I did add a couple of small holes at the bottom middle thirds of it after that photo, not too concerned about getting blocked but will be easy enough to enlarge the holes on the fly if I have to and will keep an eye on it.

a good beer weekend planned.. just hoping the hops turn up


----------



## Screwtop (10/5/12)

dicko said:


> I have tried sparge arms with holes and I have found that invariably they block up when recirculating.



Yep had three types over the years and they do!

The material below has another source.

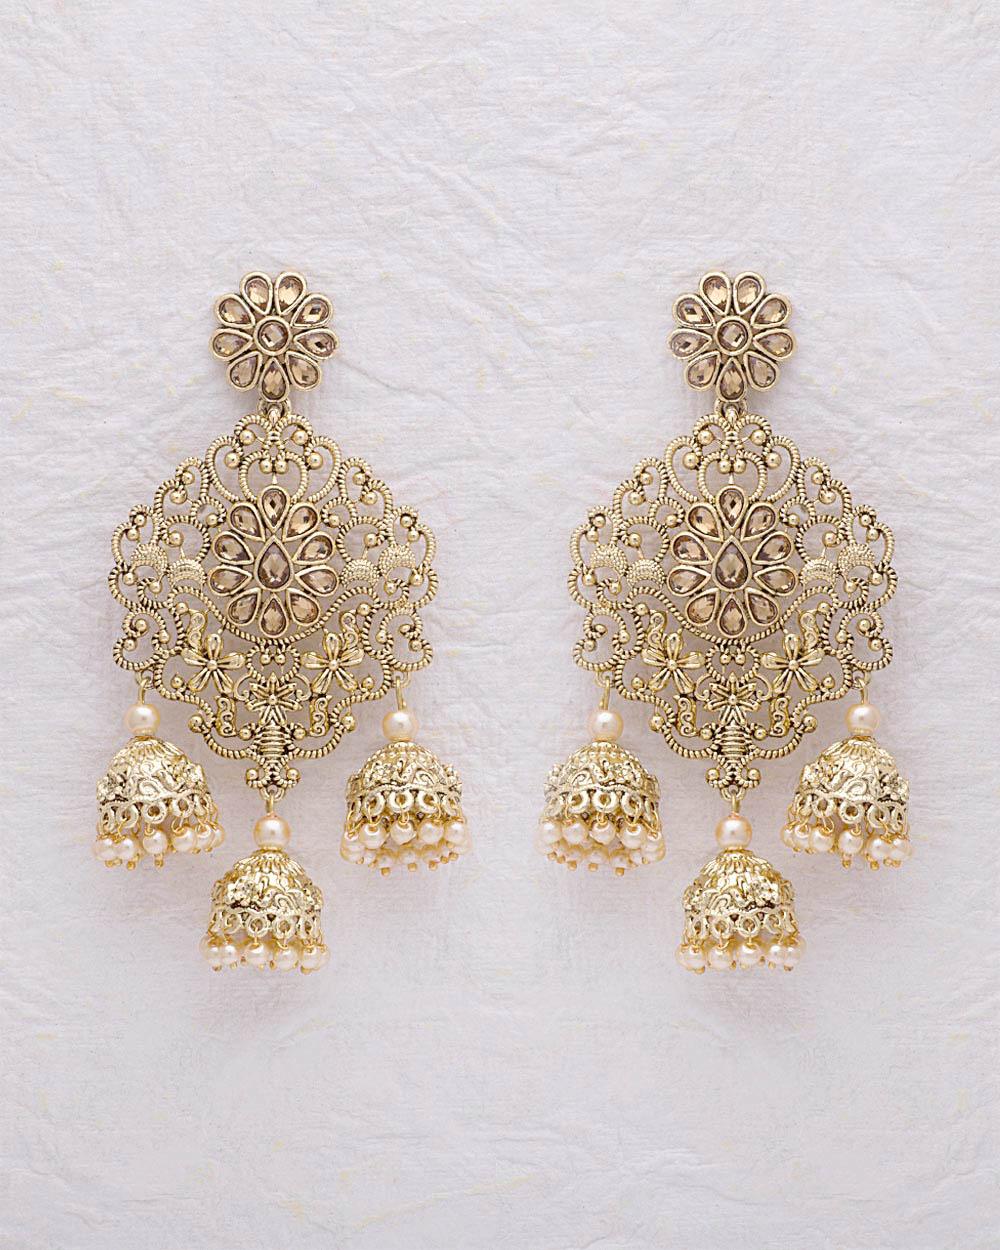 Buy Filigree Design Gold Plated Jhumka Dangler Earrings Online ...

Been using this for the past 3 years, inspired by the Blichmann Sparger, no float valve, just the silicon hose with a fishing net float at the end to hold the hose at water level. No channeling 90%+ mash eff.




Screwy


----------



## bradsbrew (10/5/12)

Screwtop said:


> Yep had three types over the years and they do!
> 
> Been using this for the past 3 years:
> 
> ...



Screwy are you using that for fly?


----------



## Kingbrownbrewing (10/5/12)

I use the same thing screwy but I am getting some fierce channeling going on....

I'm thinking of lashing out on a beer belly wort return dish.


----------



## bradsbrew (10/5/12)

King Brown Brewing said:


> I'm thinking of lashing out on a beer belly wort return dish.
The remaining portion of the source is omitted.